I’m creating an autoencoder that uses convolutions to learn some parameters, and then uses native PyTorch functions to re-create the input. But when I test the network I find that it fails to learn one of the parameters used to create the input images completely.
I was wondering if anyone could see why this would happen?
Here is what the testing true vs. prediction plots look like for the 4 parameters I care about. The bottom left is the one that appears to go weird (and is called V_SCALE_LENGTH
in the model below).
NOTE: I also see that the top righ panel shows a parameter that is not well learned but that’s okay as this is a smaller part of a larger network that I’ve isolated into this example because of the problem of the bottom left parameter. I also know that in the model below, the bottom left parameter needs to use both the right-hand parameters above to create recreate the input. But I still see this parameter not learning when I tighten up that parameter in the top right.

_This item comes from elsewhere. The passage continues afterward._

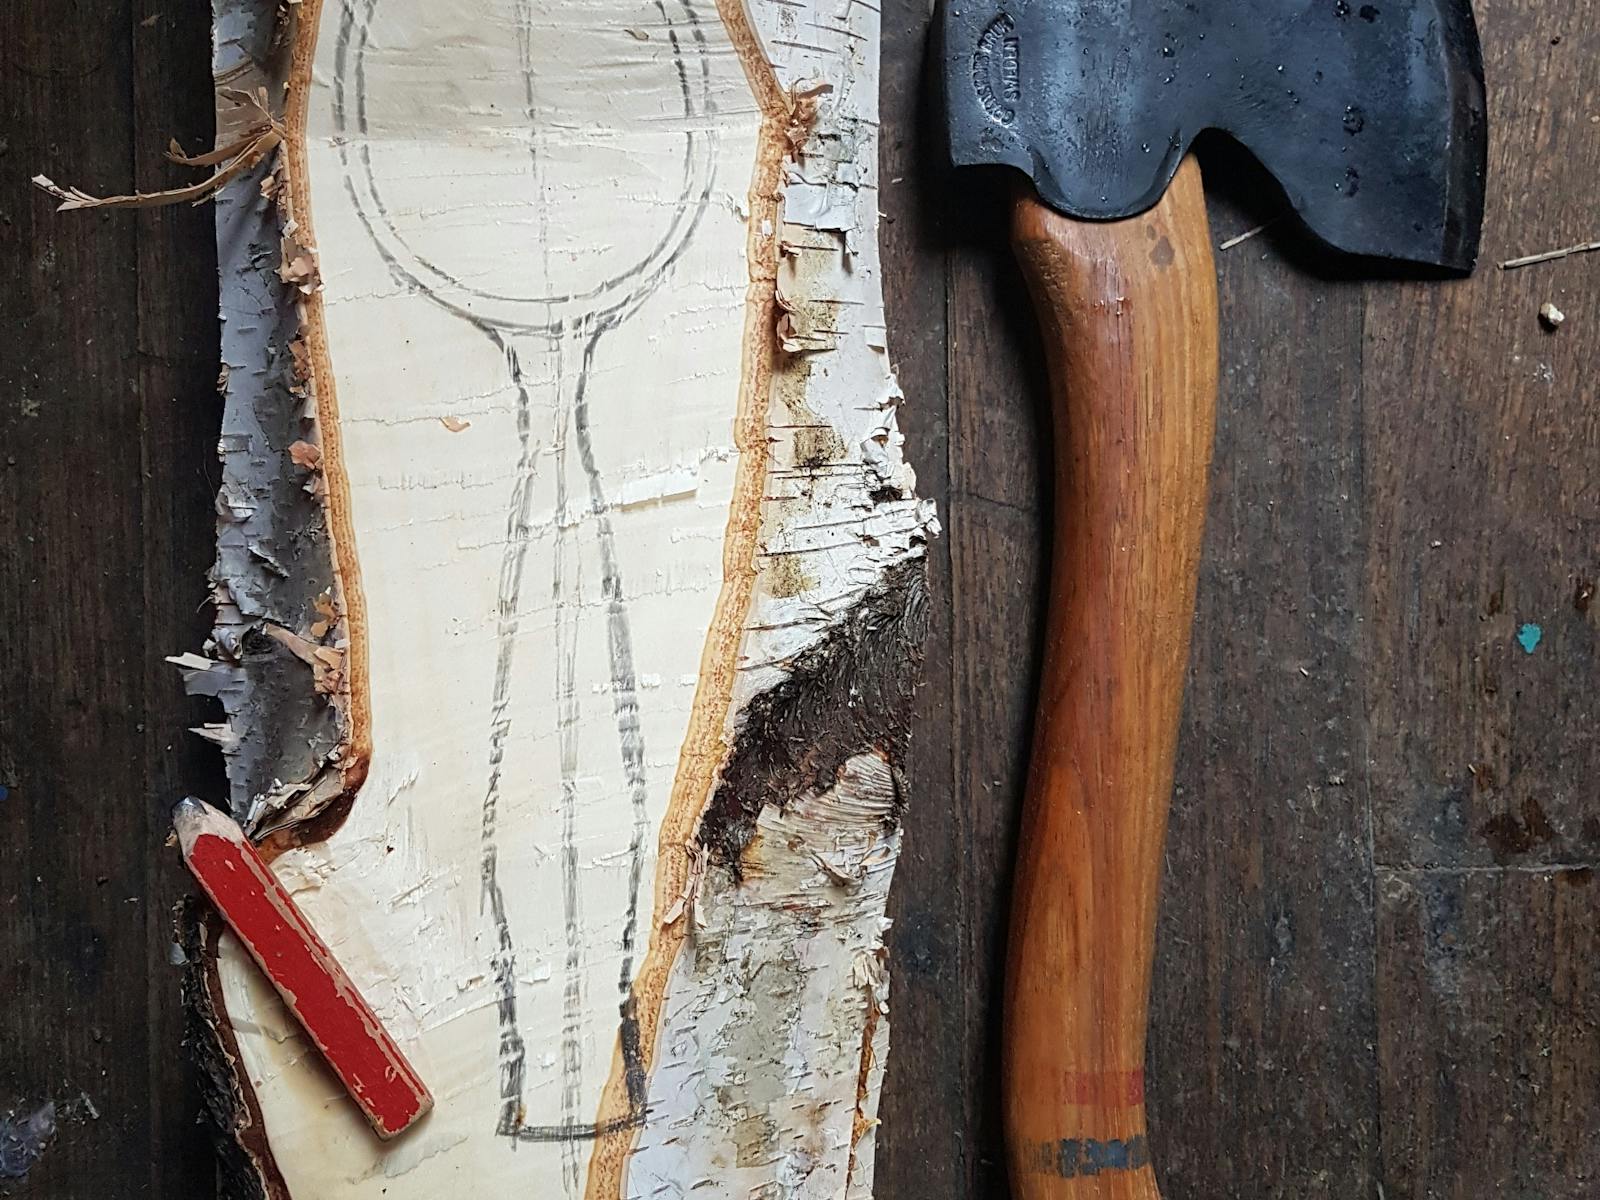 Salvage birch log being transformed into a spoon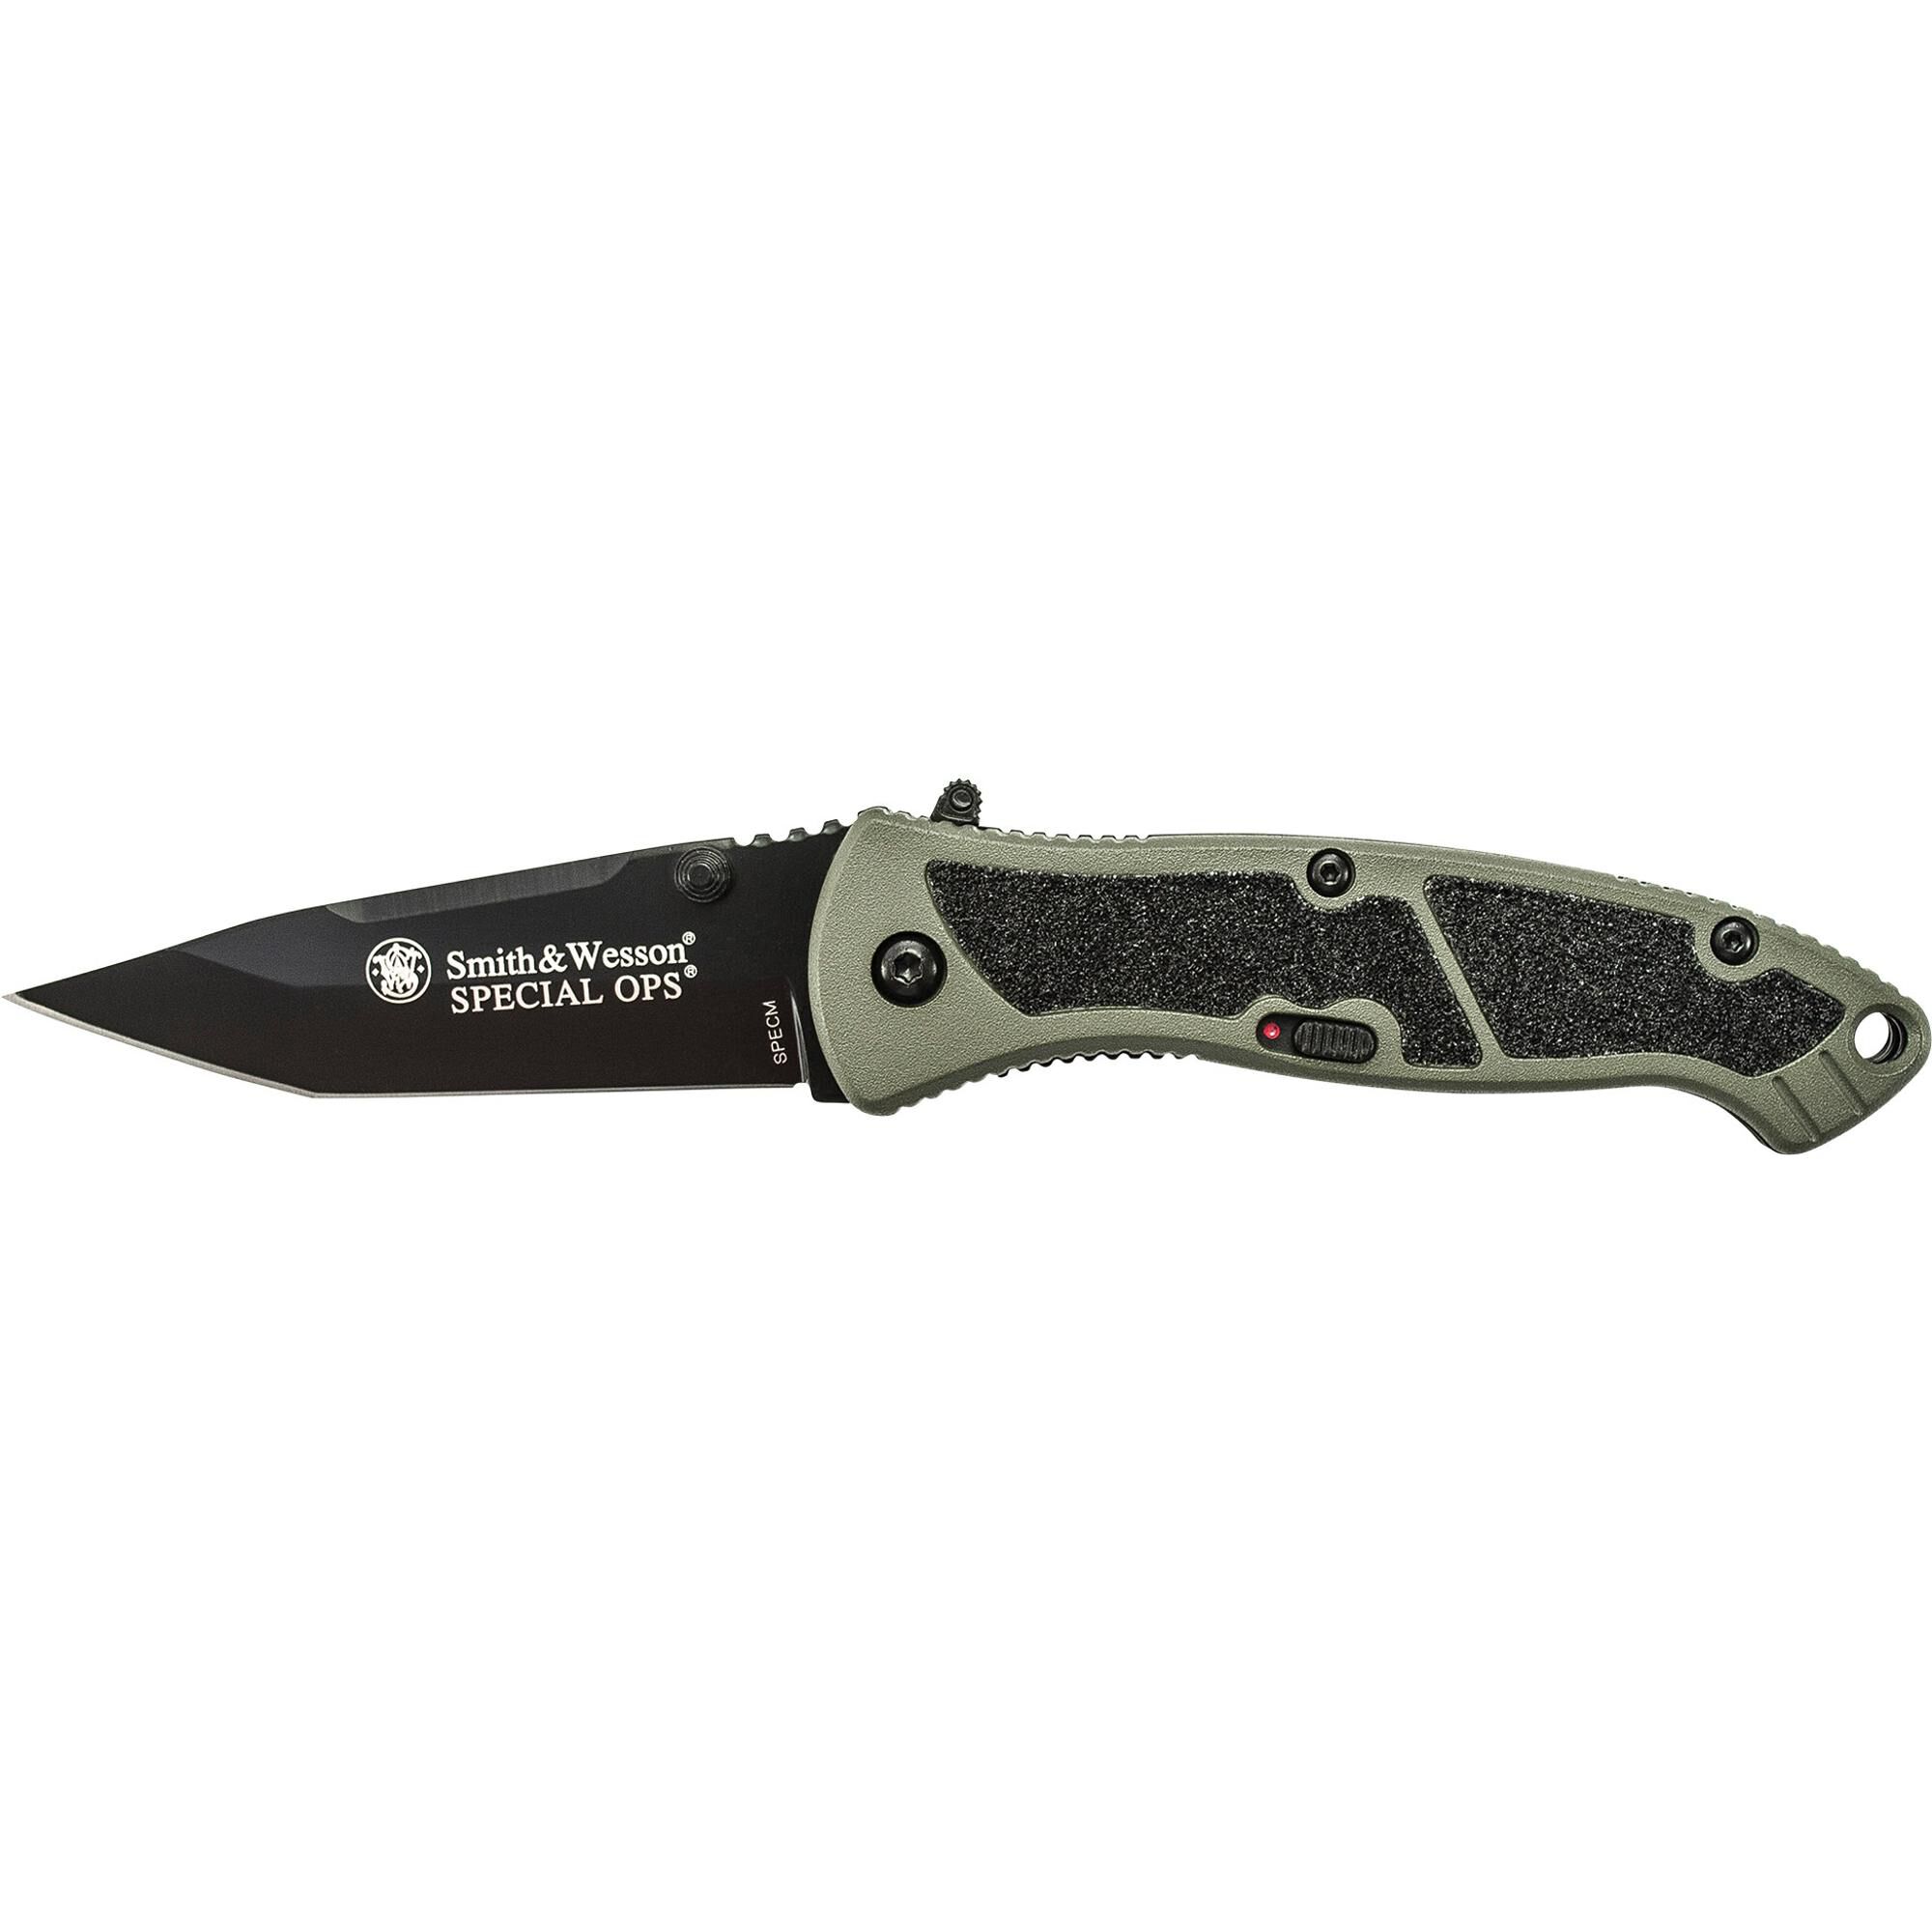 Smith and Wesson SPECM Medium Special Ops T6061 Aircraft Aluminum Green Handle for sale online

In my full-sized network I see much poorer performance than this where the parameter goes to the maximum value allowed by the hard tanh activation function at the end of the linear module. At least here I’m seeing a sort-of increase from left to right on the true vs predicted plot. Which makes me think I’m missing something in the data handling that maybe someone can see…
The 2D input images are created using the following function:
def return_cube(batch):
""" CREATION OF CUBES WITH VARIOUS ORIENTATIONS """
# Define the properties of the objects in the input cubes _________________
# Z angle
pos_ang = torch.tensor([np.random.uniform(-np.pi,np.pi,batch)]).view(-1)[:,None,None,None]
# X angle
inc_ang = torch.tensor([np.random.uniform(np.pi/18,np.pi/2,batch)]).view(-1)[:,None,None,None]
# Where the velocity reaches it's highes. i.e. r(max(V))
ah = torch.tensor([np.random.uniform(1,32,batch)]).view(-1)[:,None,None,None]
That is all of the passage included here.